--- ASSIGNMENT ---
In the material below, find the span from the line with "Electric Guitar Silhouette" to the line with "Christian Dior by" and transcribe only those lines, exactly, ends included, without the pictures.

--- ENTRIES SUPPLIED ---
Content starts
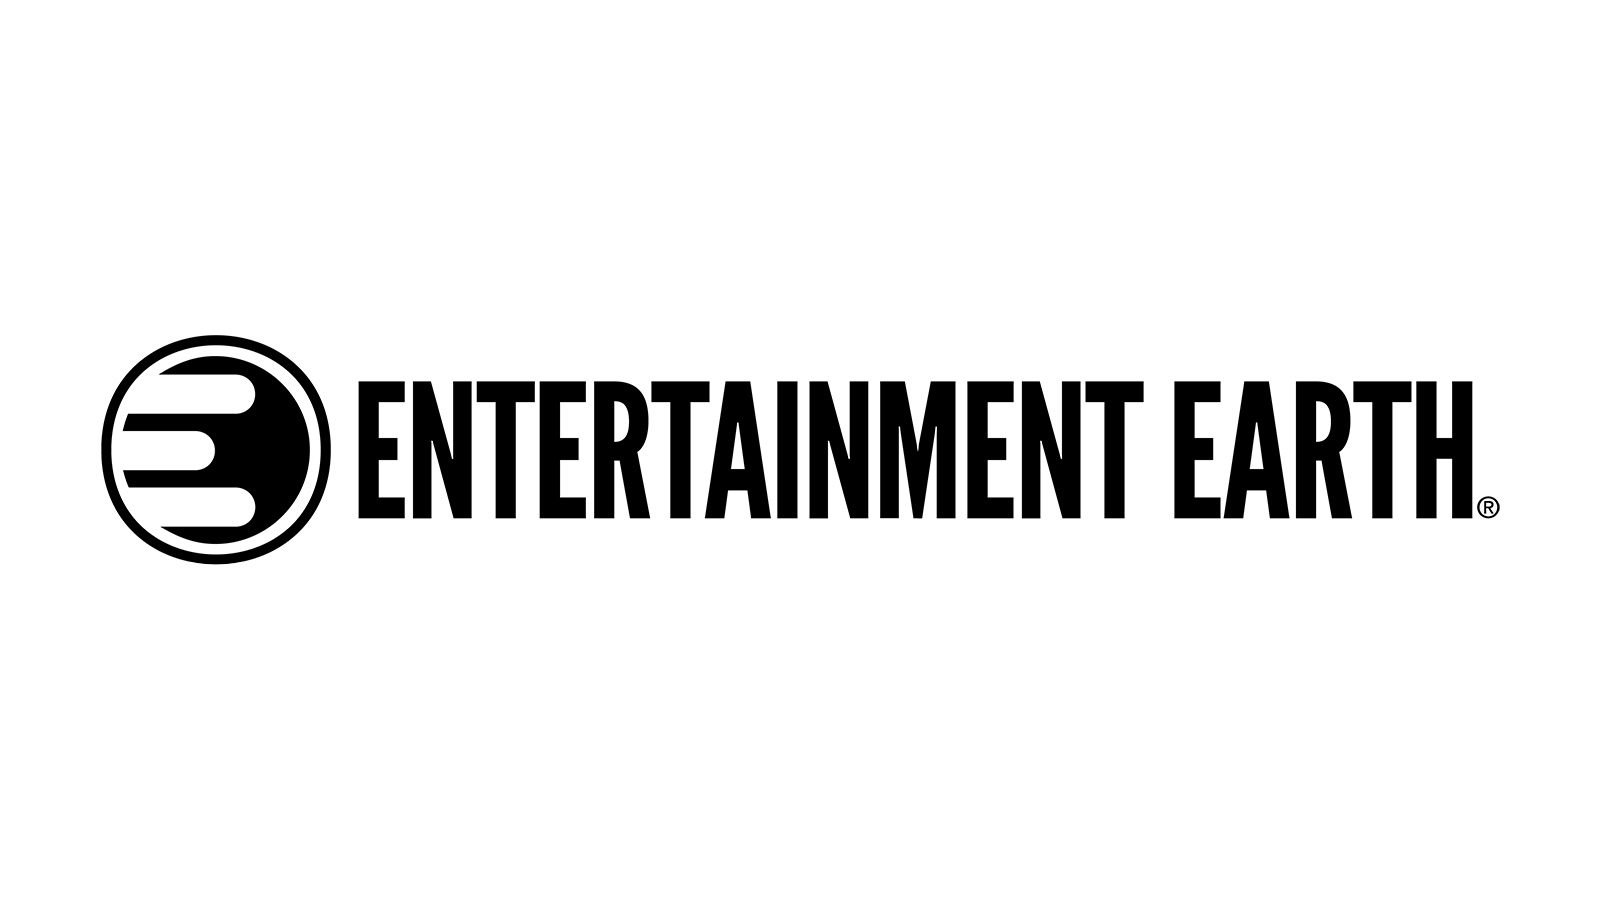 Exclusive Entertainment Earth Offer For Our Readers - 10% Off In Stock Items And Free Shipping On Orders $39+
Content ends
Content starts
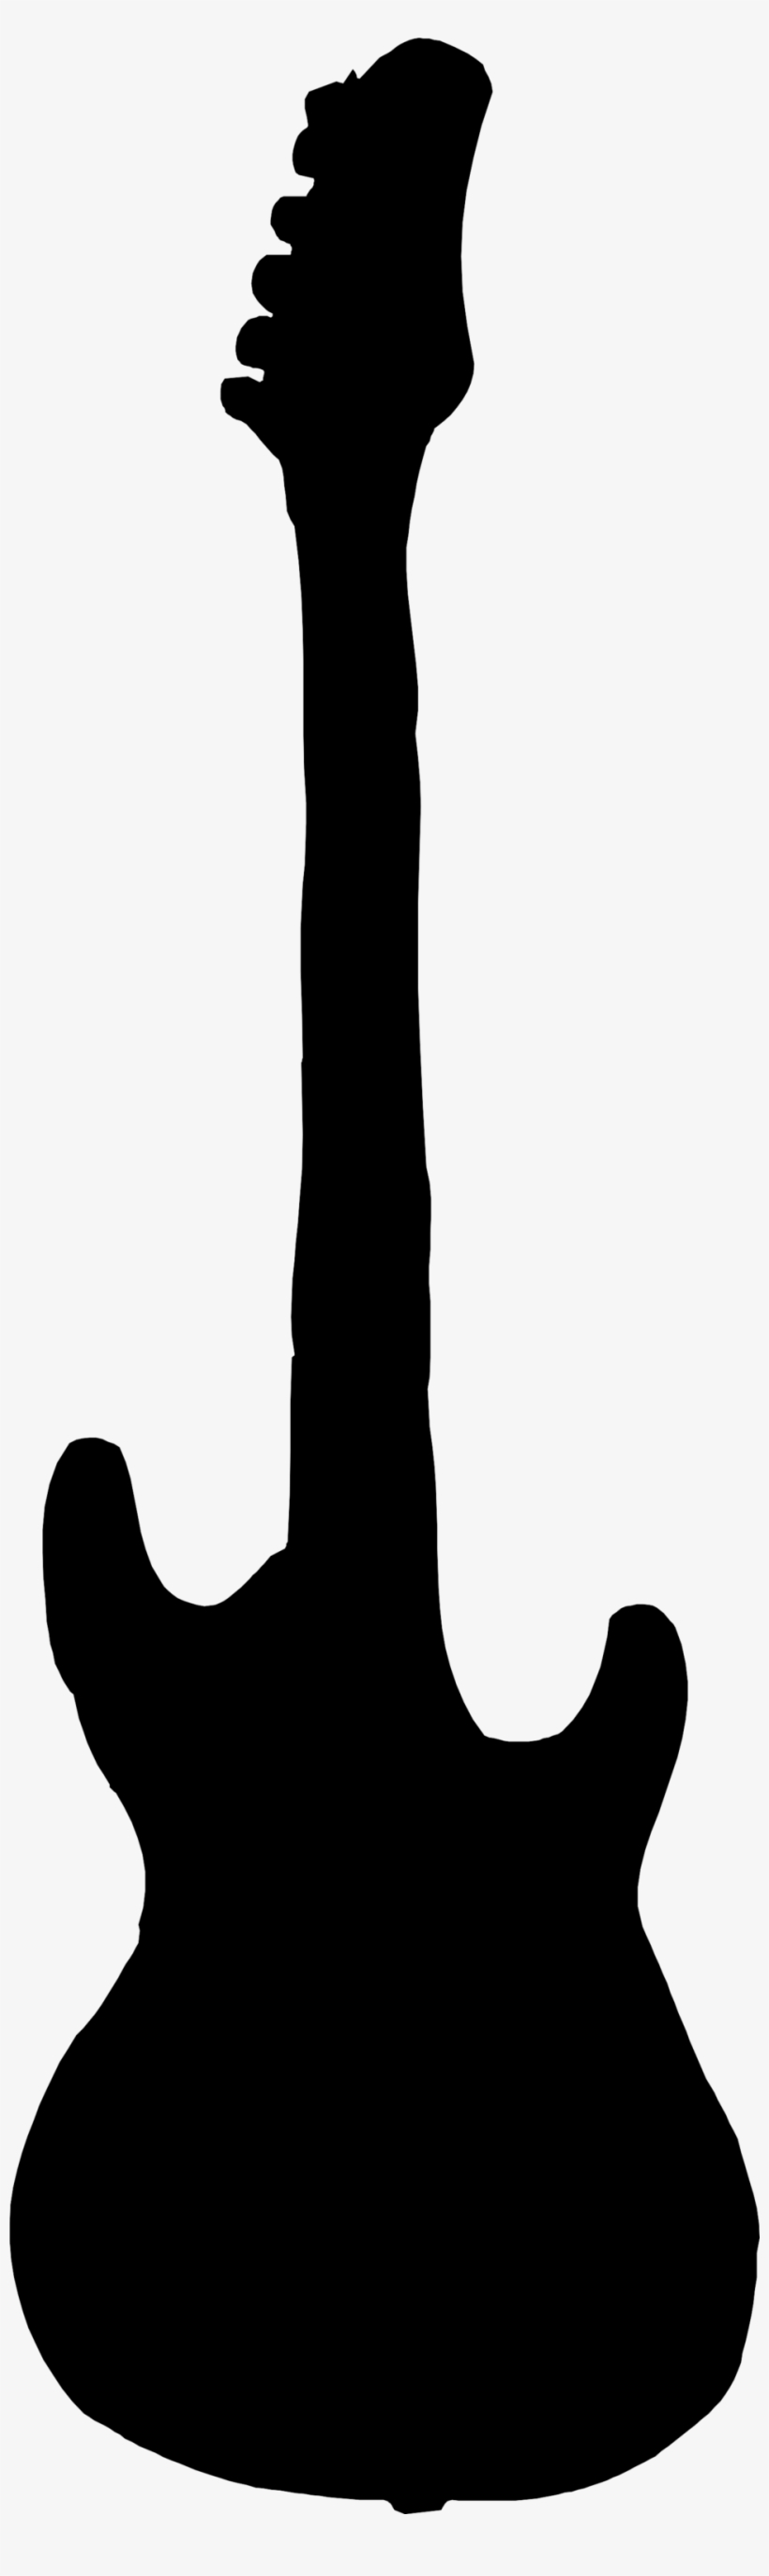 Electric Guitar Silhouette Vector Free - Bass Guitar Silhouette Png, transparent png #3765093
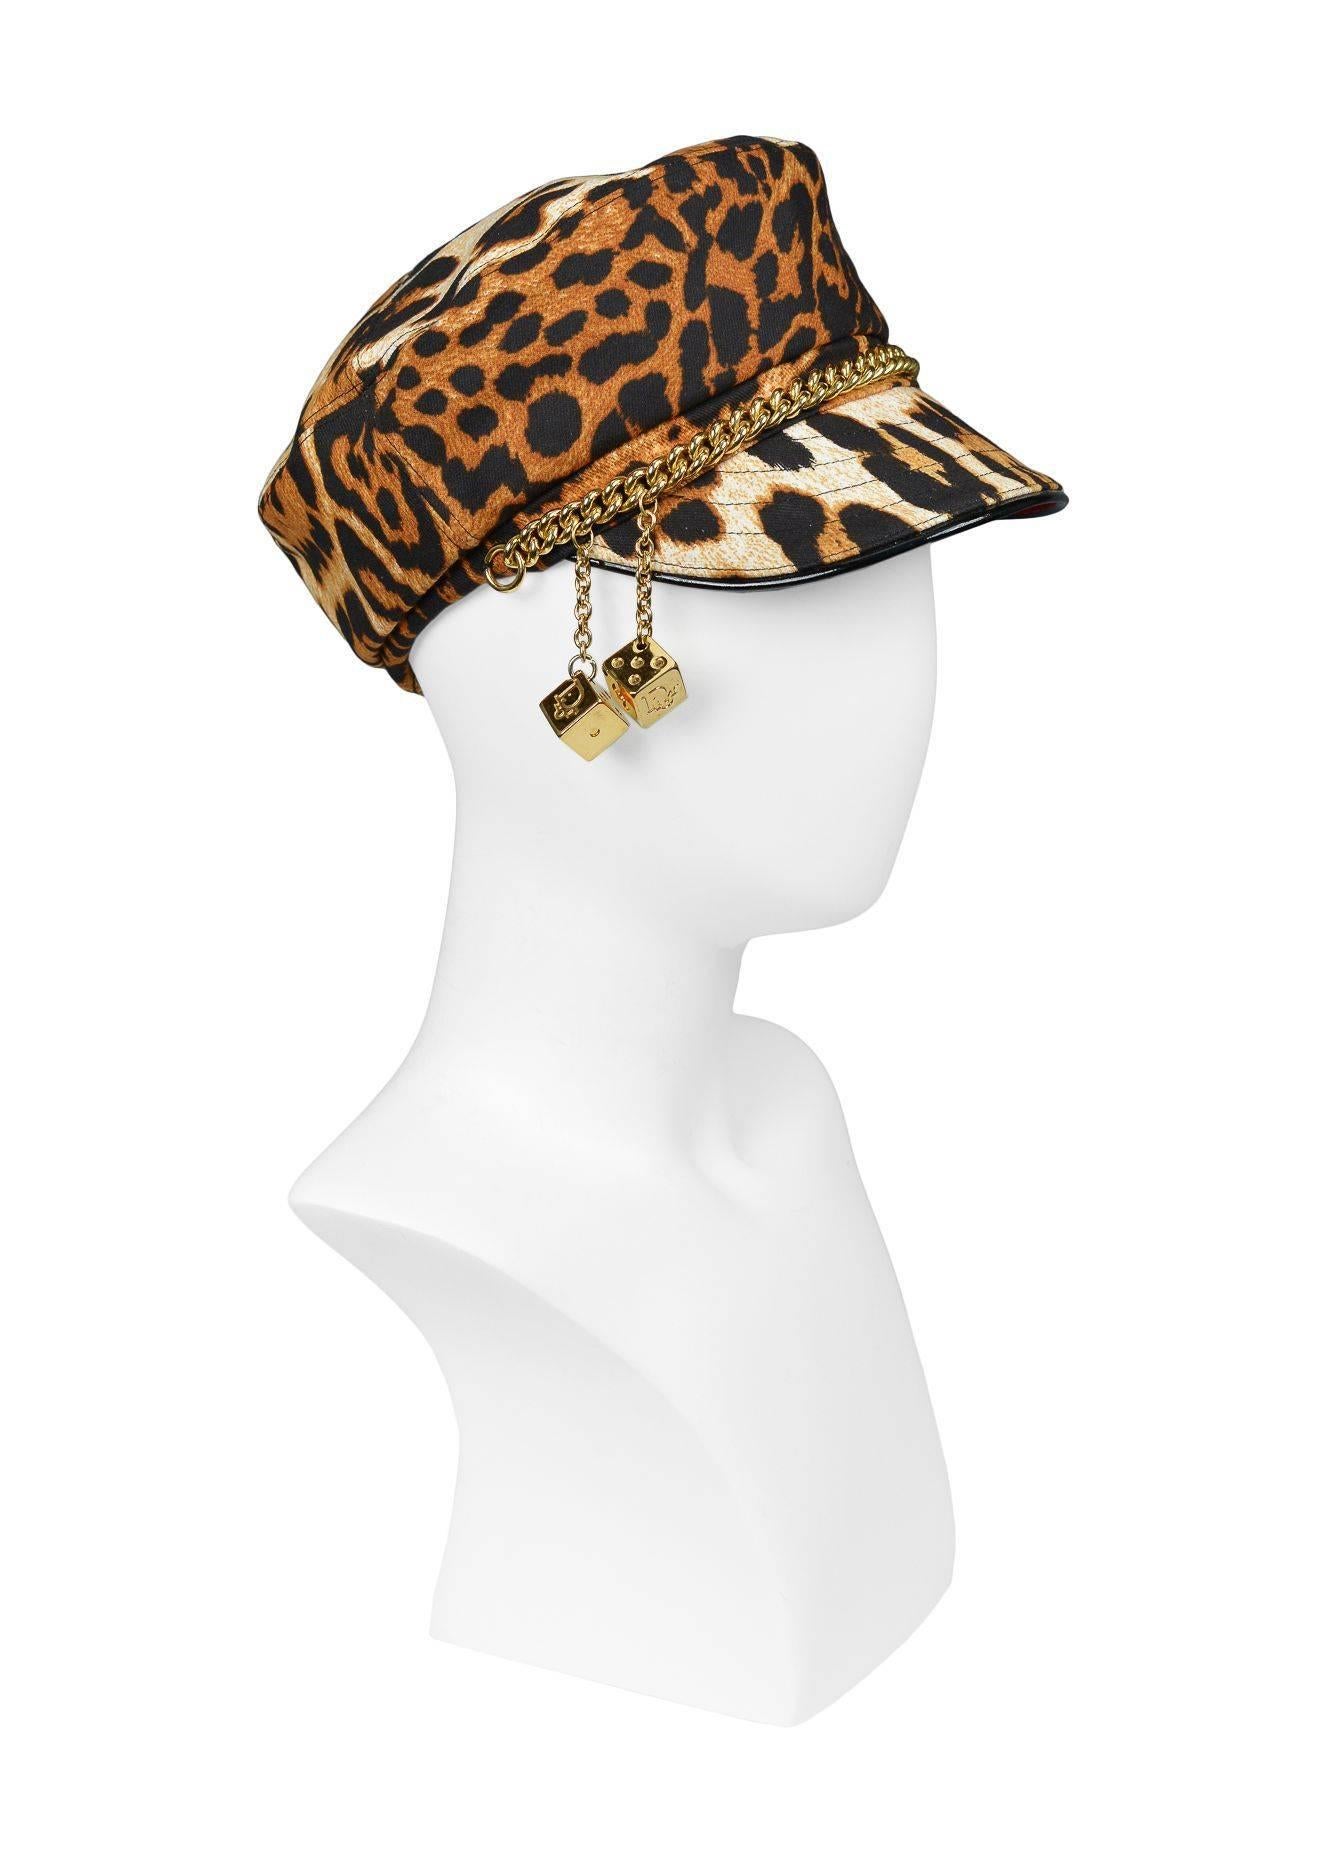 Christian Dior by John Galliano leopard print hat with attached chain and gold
Content ends
--- TASK SOLUTION ---
 Electric Guitar Silhouette Vector Free - Bass Guitar Silhouette Png, transparent png #3765093
 Christian Dior by John Galliano leopard print hat with attached chain and gold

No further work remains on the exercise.